> _What the task asks_: Copy the listing below exactly, but skip the pictures.

> _Given material_:
---
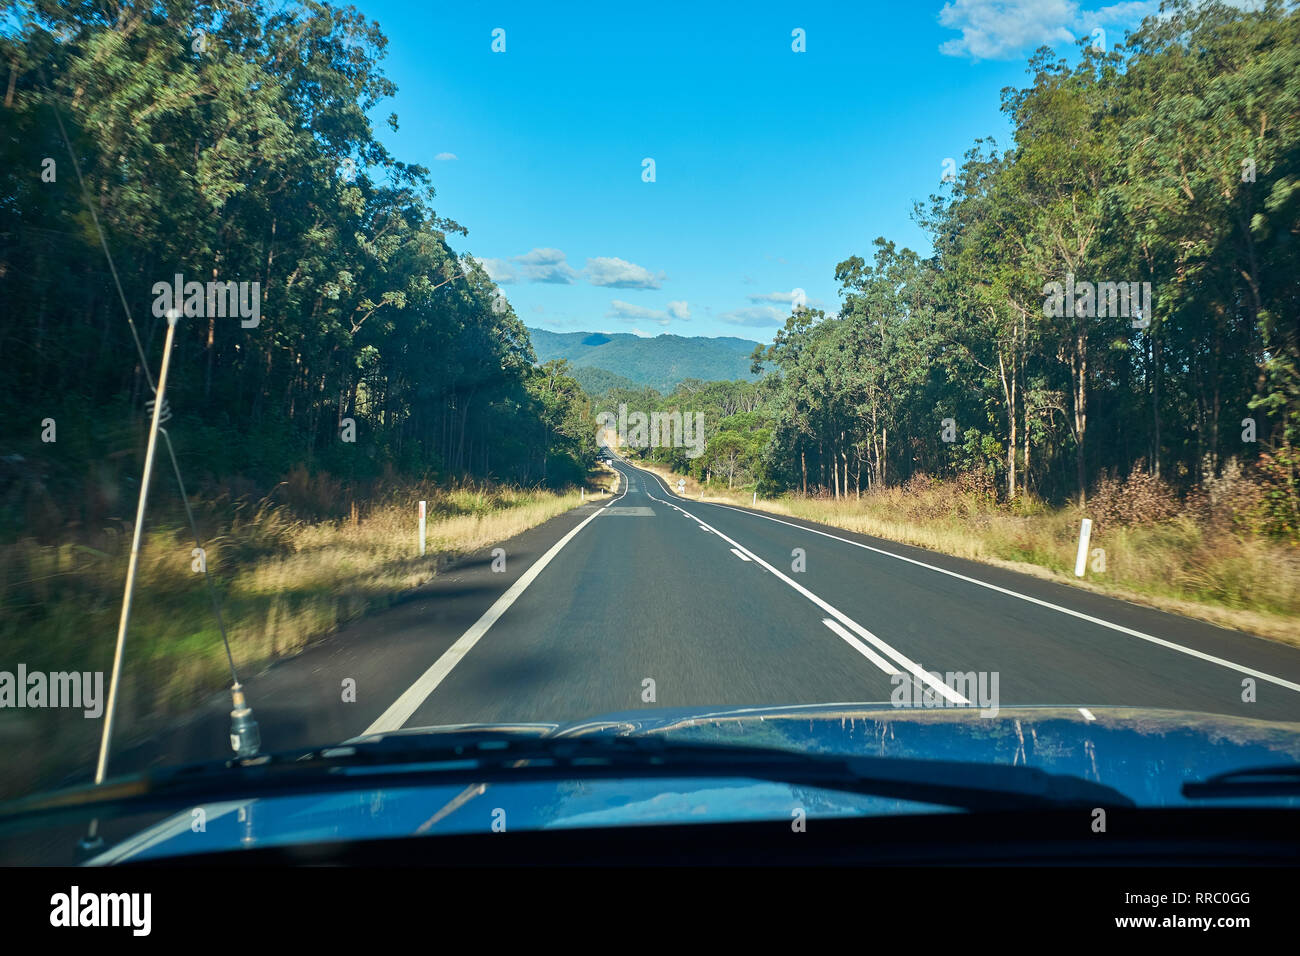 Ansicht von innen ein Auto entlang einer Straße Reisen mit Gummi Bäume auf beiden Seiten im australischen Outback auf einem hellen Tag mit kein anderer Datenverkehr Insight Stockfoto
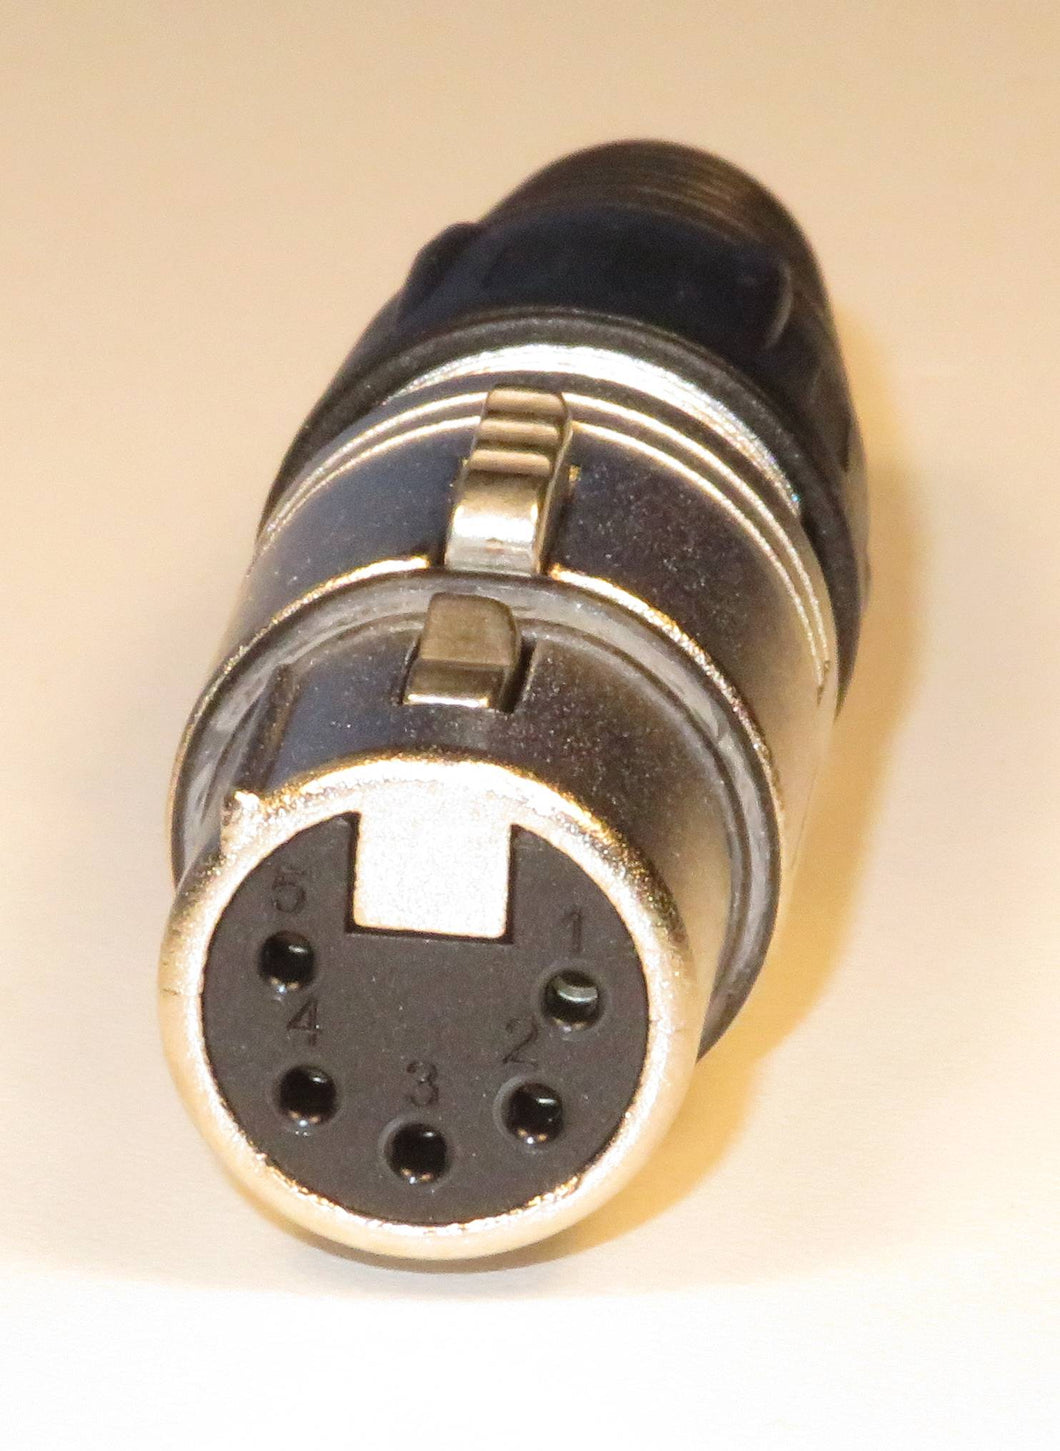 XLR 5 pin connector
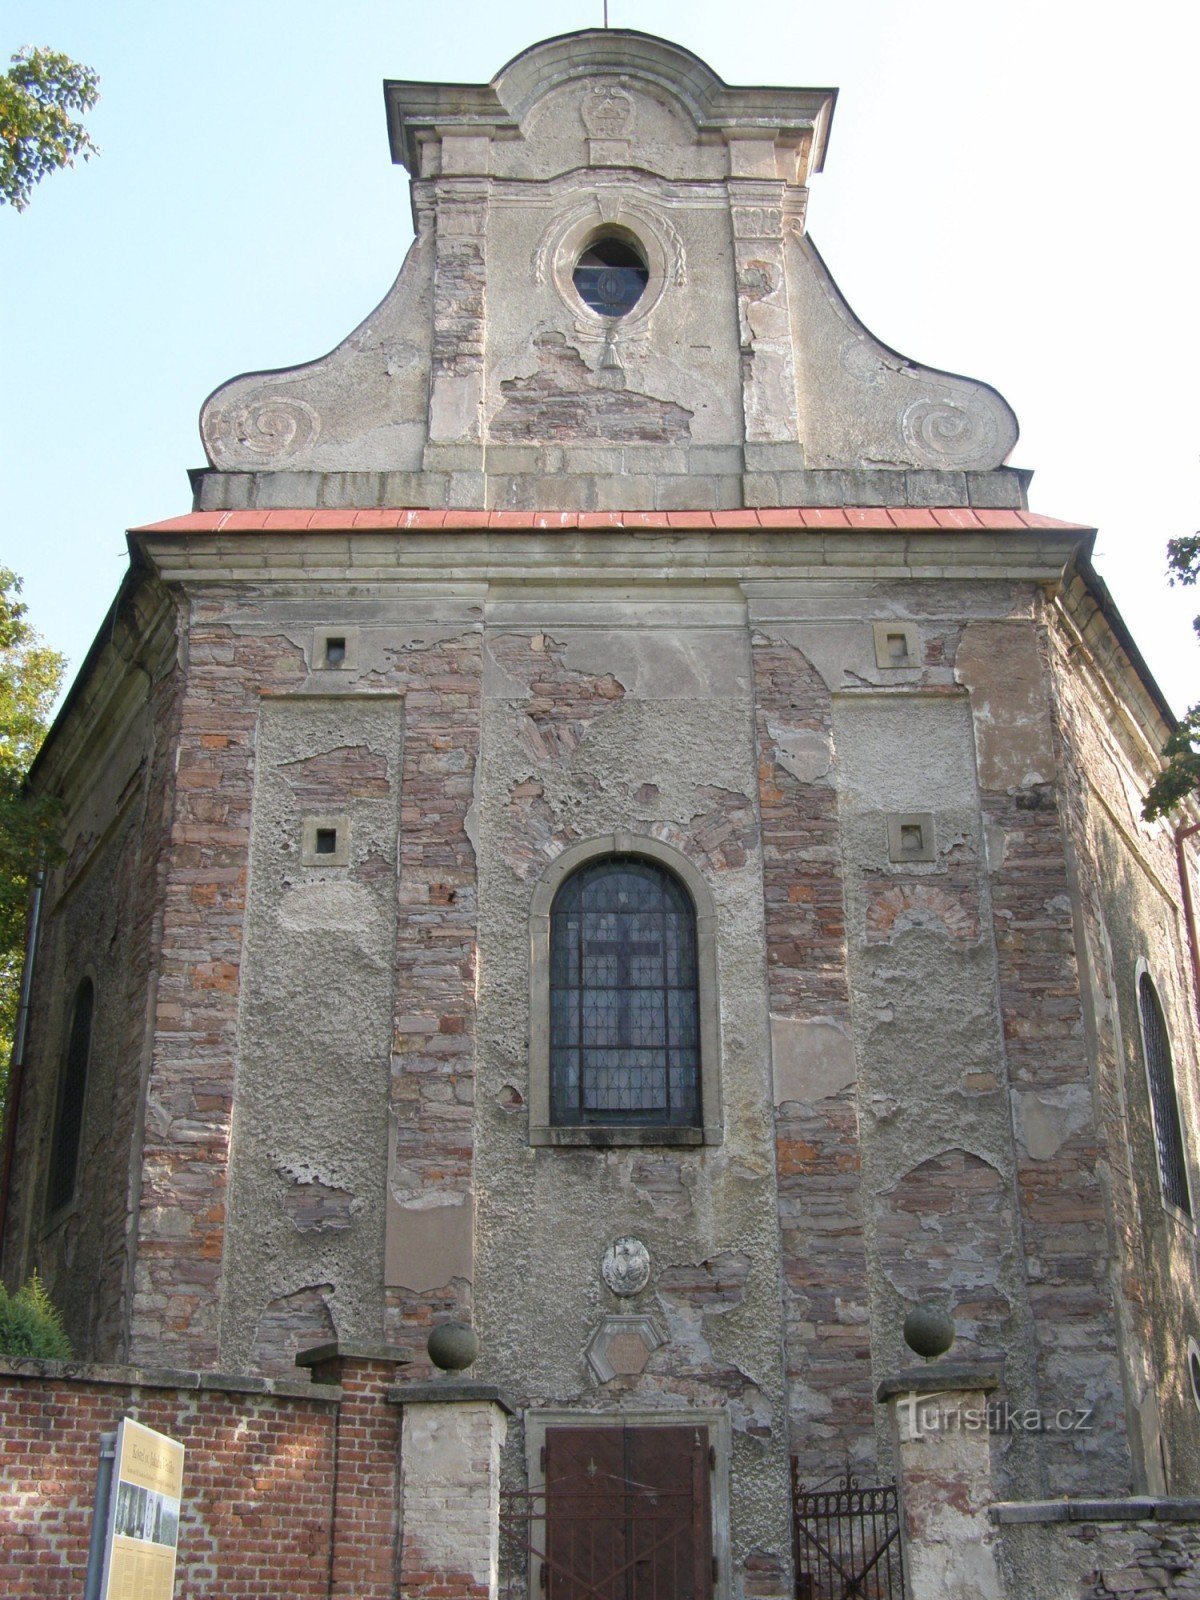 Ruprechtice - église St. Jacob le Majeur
---
> _Exercise output_:
 Ansicht von innen ein Auto entlang einer Straße Reisen mit Gummi Bäume auf beiden Seiten im australischen Outback auf einem hellen Tag mit kein anderer Datenverkehr Insight Stockfoto
 XLR 5 pin connector
 Ruprechtice - église St. Jacob le Majeur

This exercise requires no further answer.